Data provided
==============================

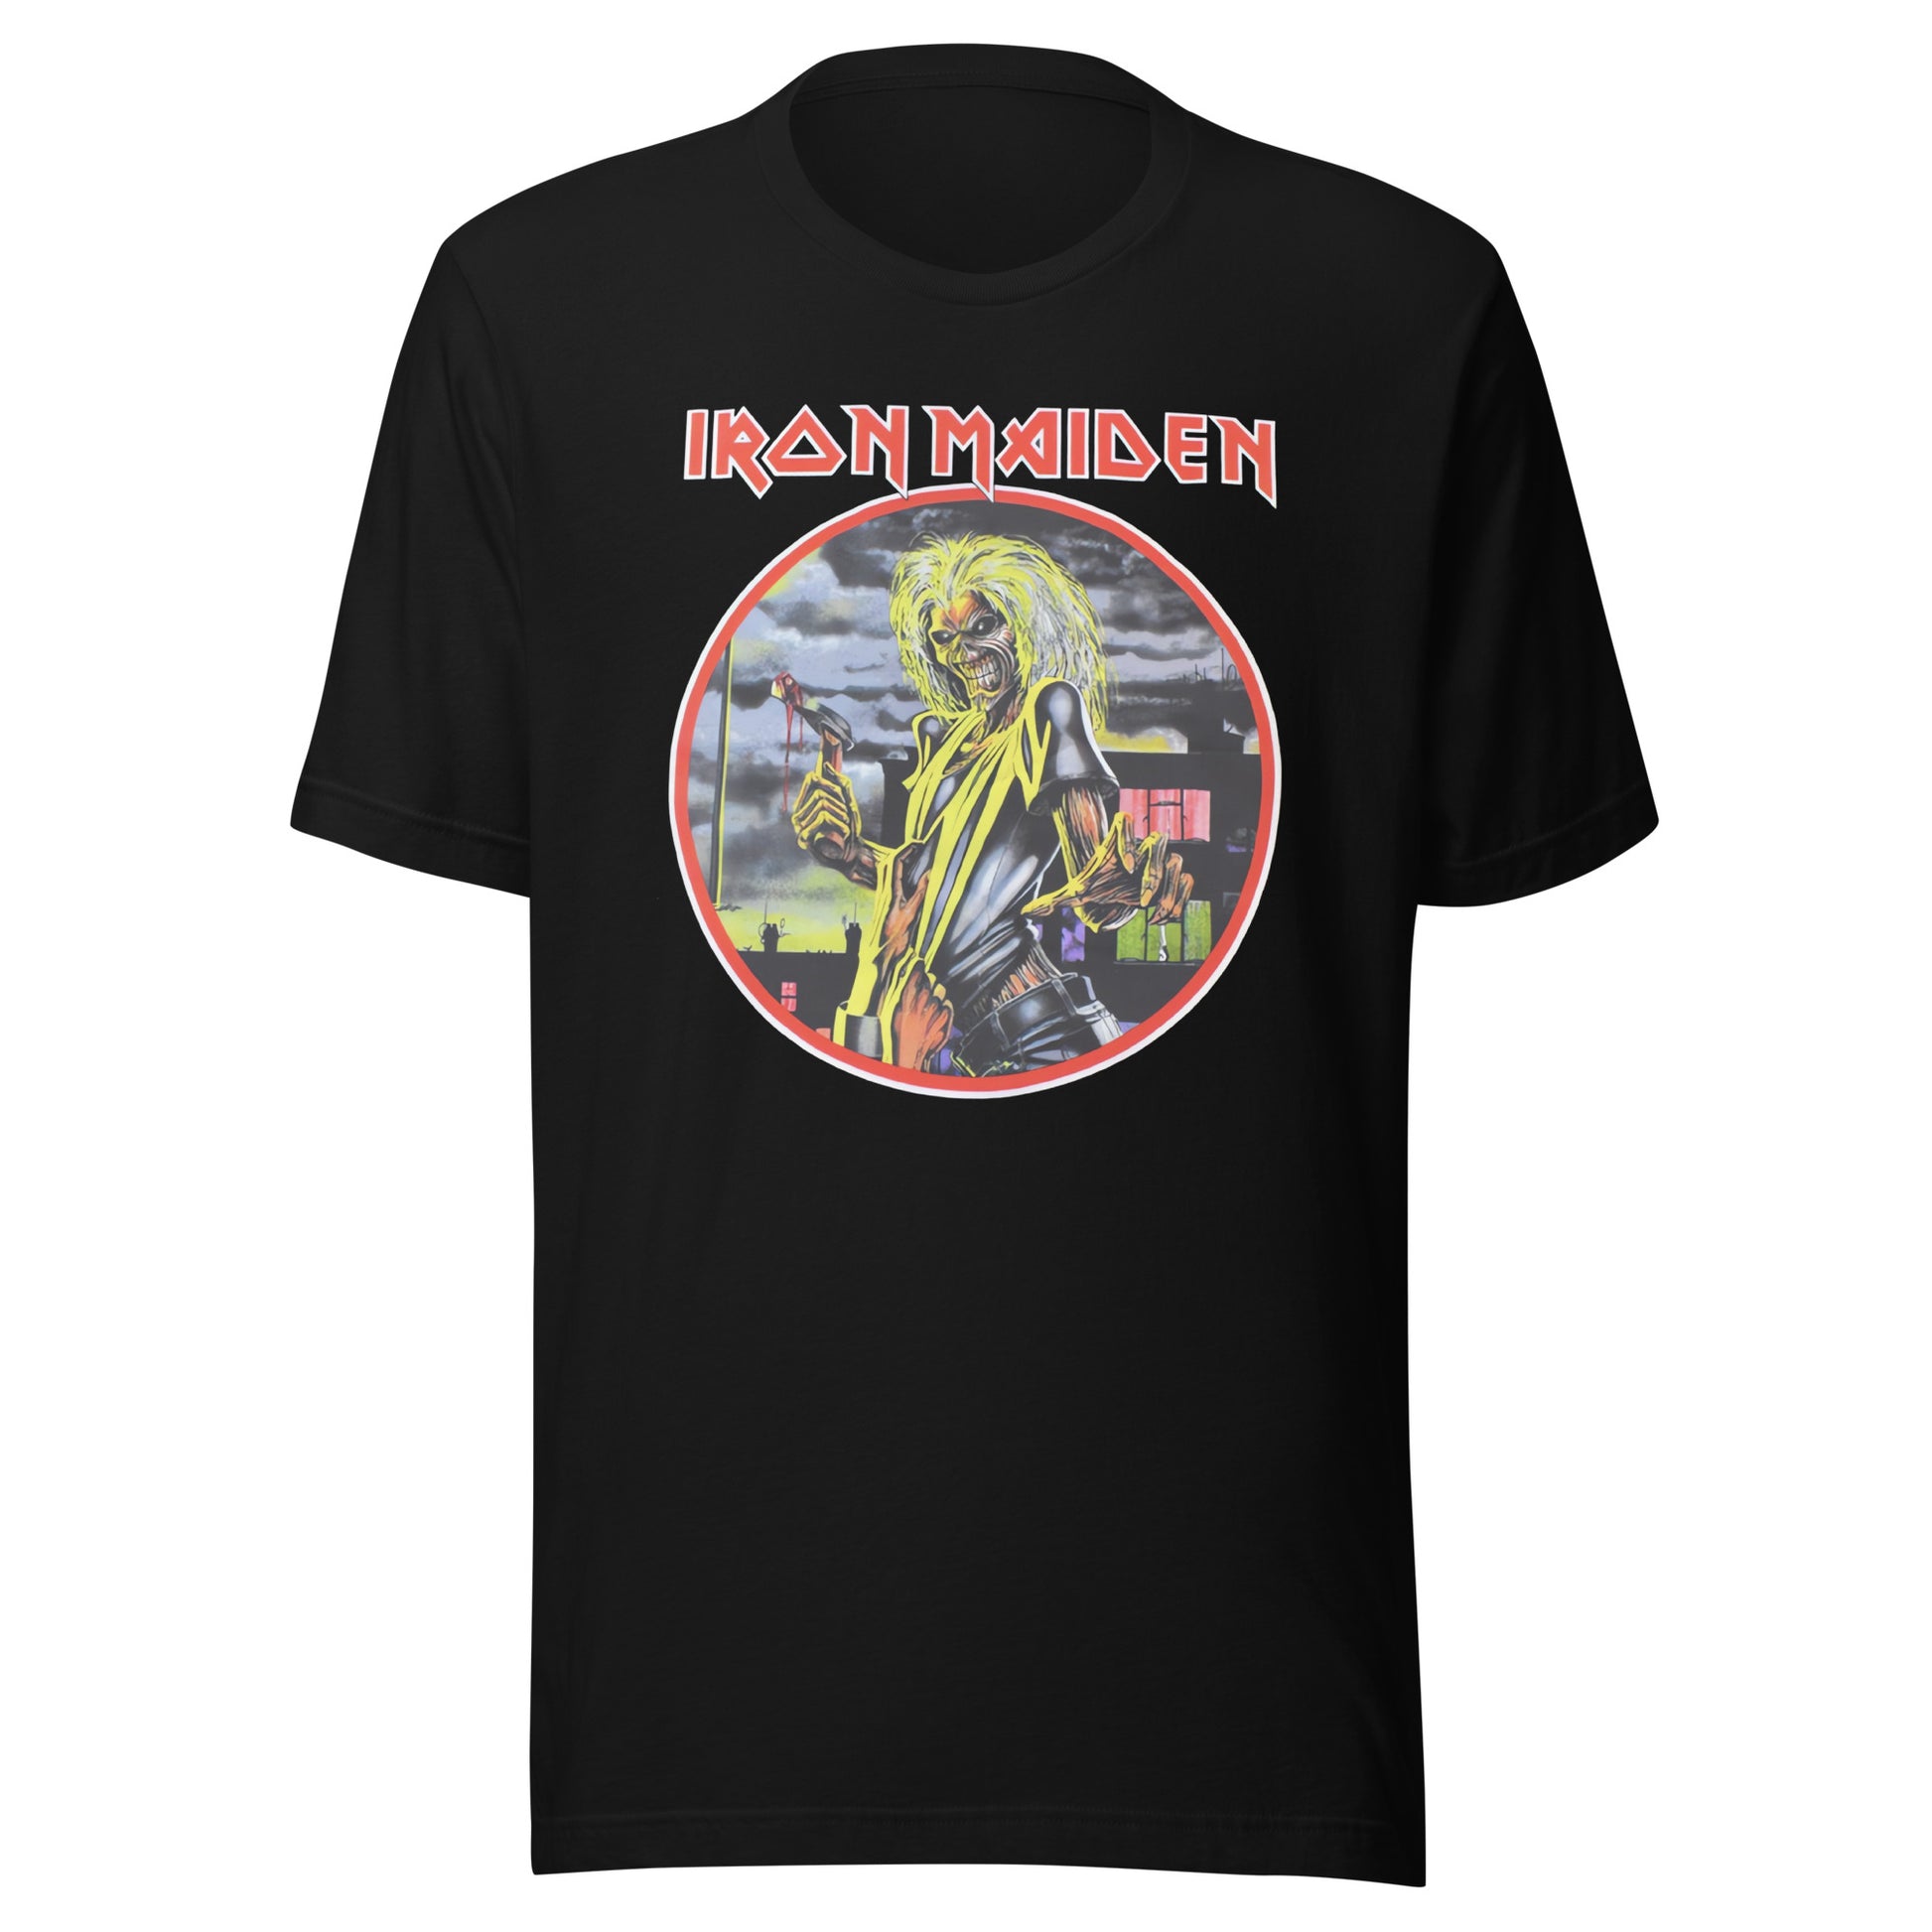 ¡Compra el mejor merchandising en Superstar! Encuentra diseños únicos y de alta calidad en playeras, Camiseta Classic Albums: Iron Maiden
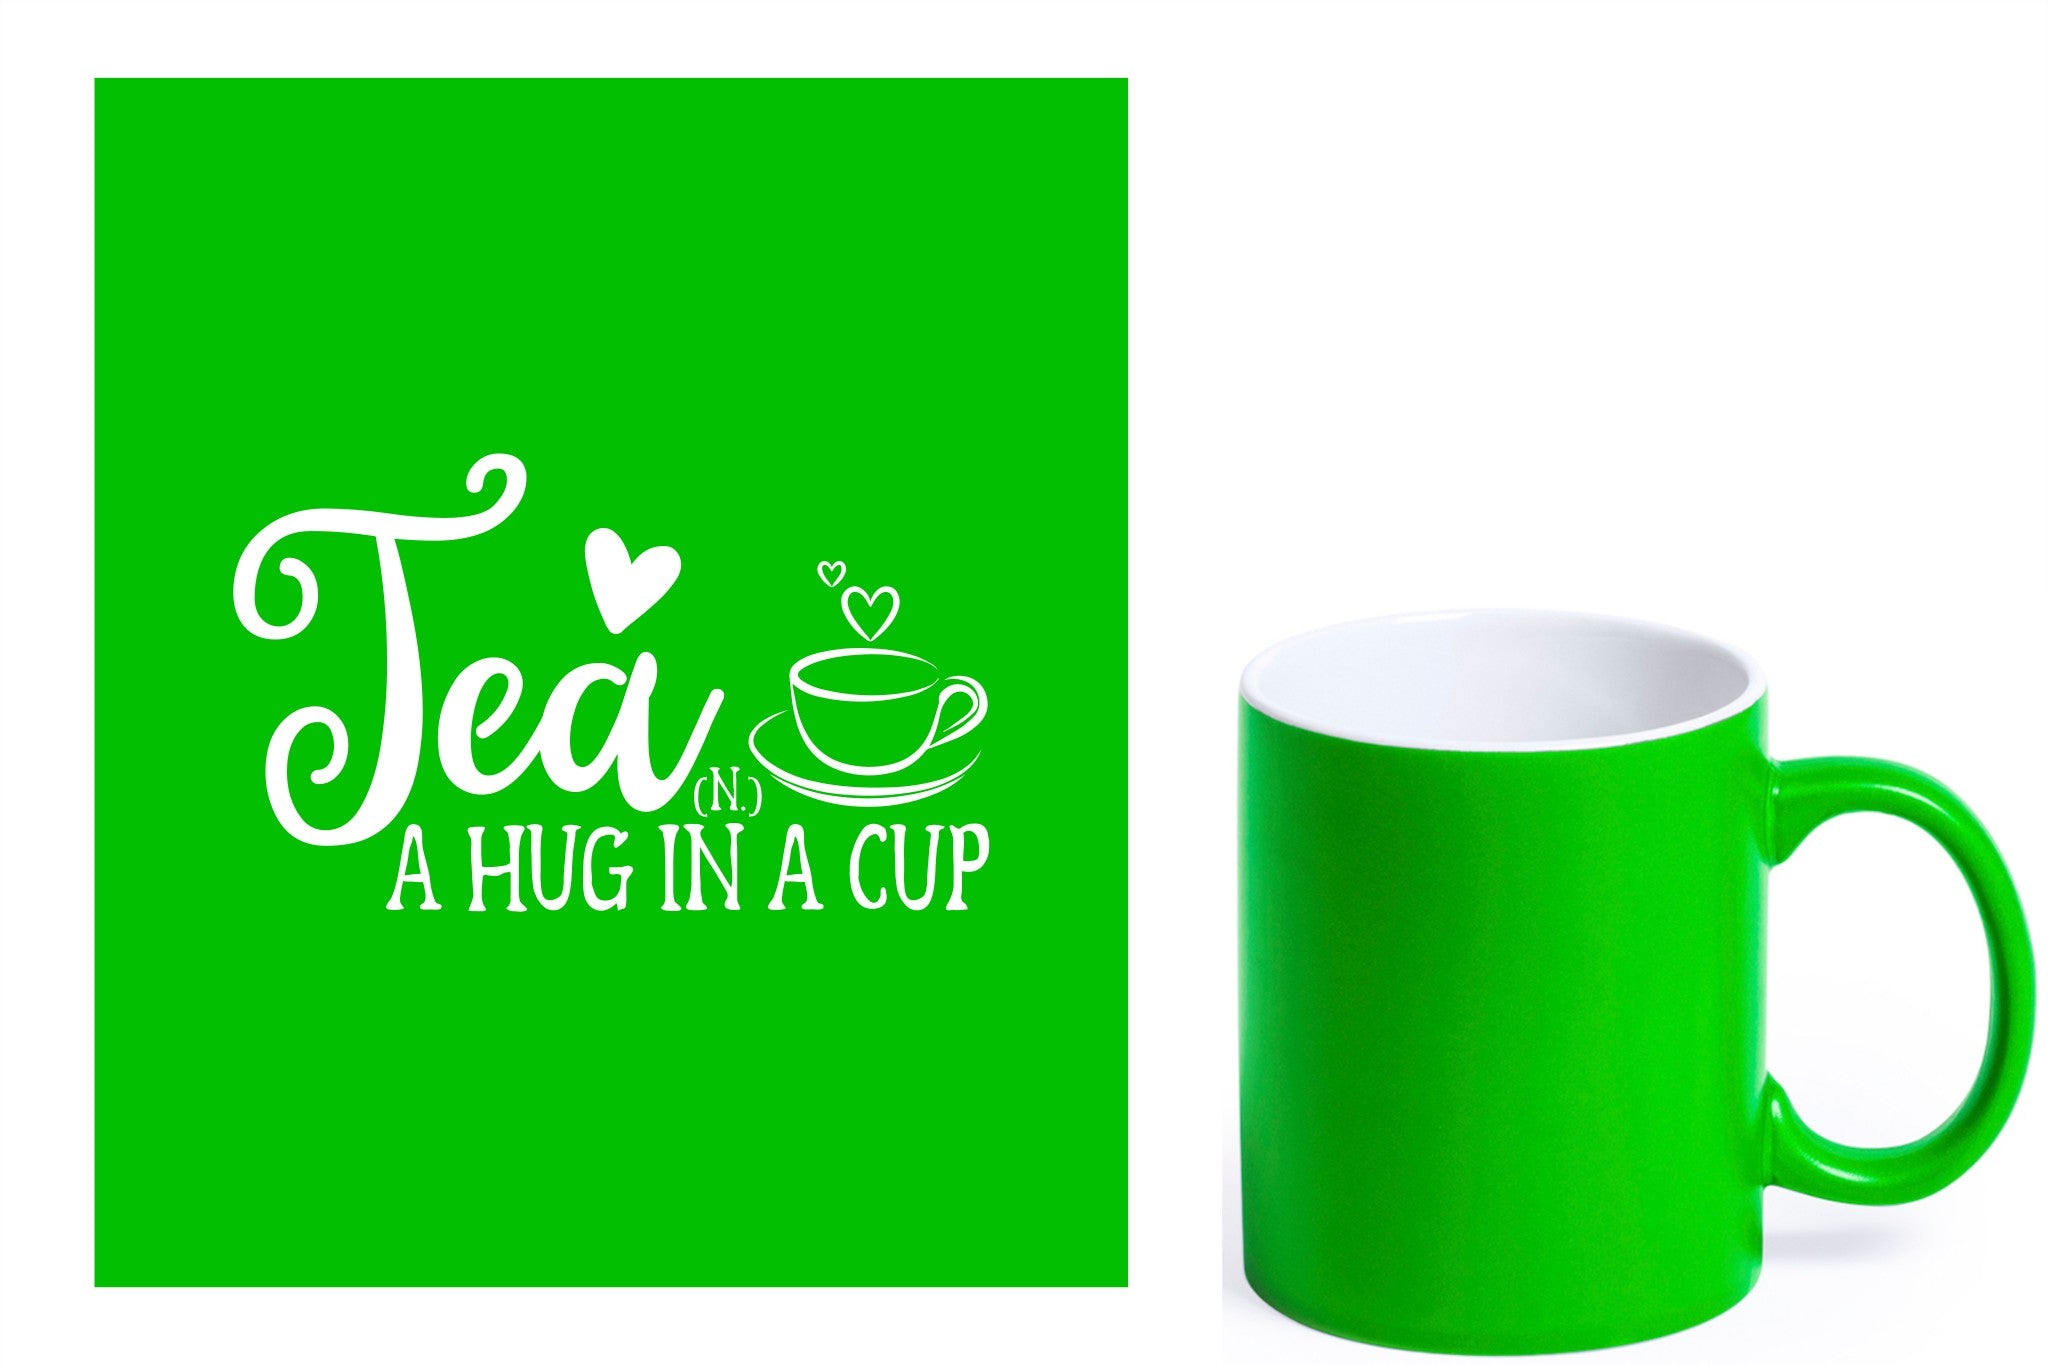 groene keramische mok met witte gravure  'Tea and a hug in a cup'.
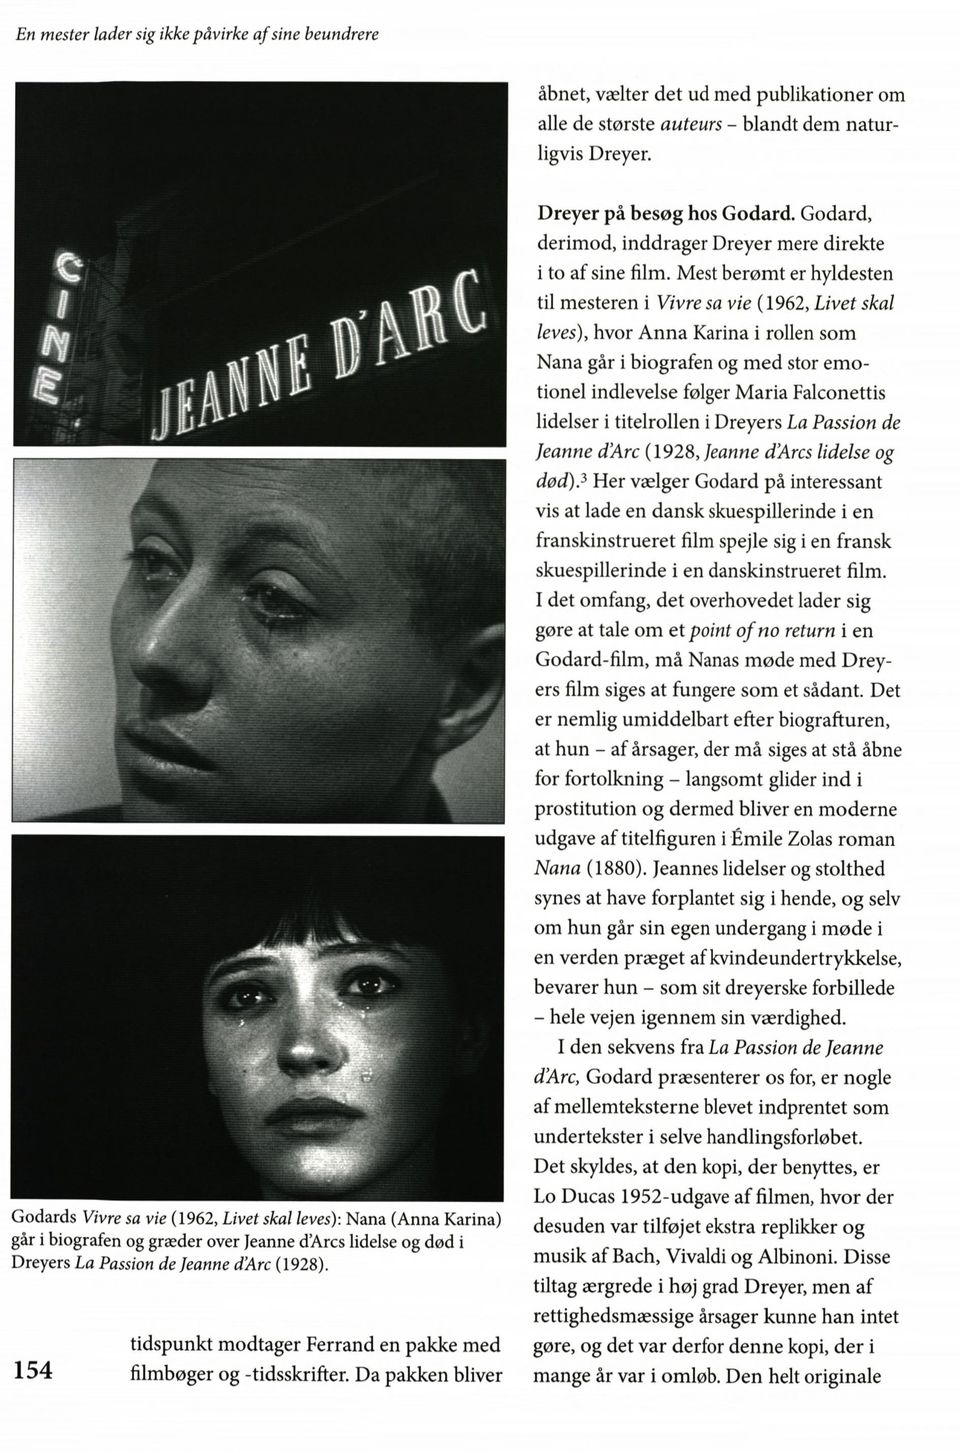 tidspunkt modtager Ferrand en pakke med 1 5 4 filmbøger og -tidsskrifter. Da pakken bliver Dreyer på besøg hos Godard. Godard, derimod, inddrager Dreyer mere direkte i to af sine film.

==============================

What the exercise asks
Every line from the top of the material above through the line with "groene keramische mok" should be duplicated exactly, please; leave out the pictures.

Expected answer
 ¡Compra el mejor merchandising en Superstar! Encuentra diseños únicos y de alta calidad en playeras, Camiseta Classic Albums: Iron Maiden
 groene keramische mok met witte gravure  'Tea and a hug in a cup'.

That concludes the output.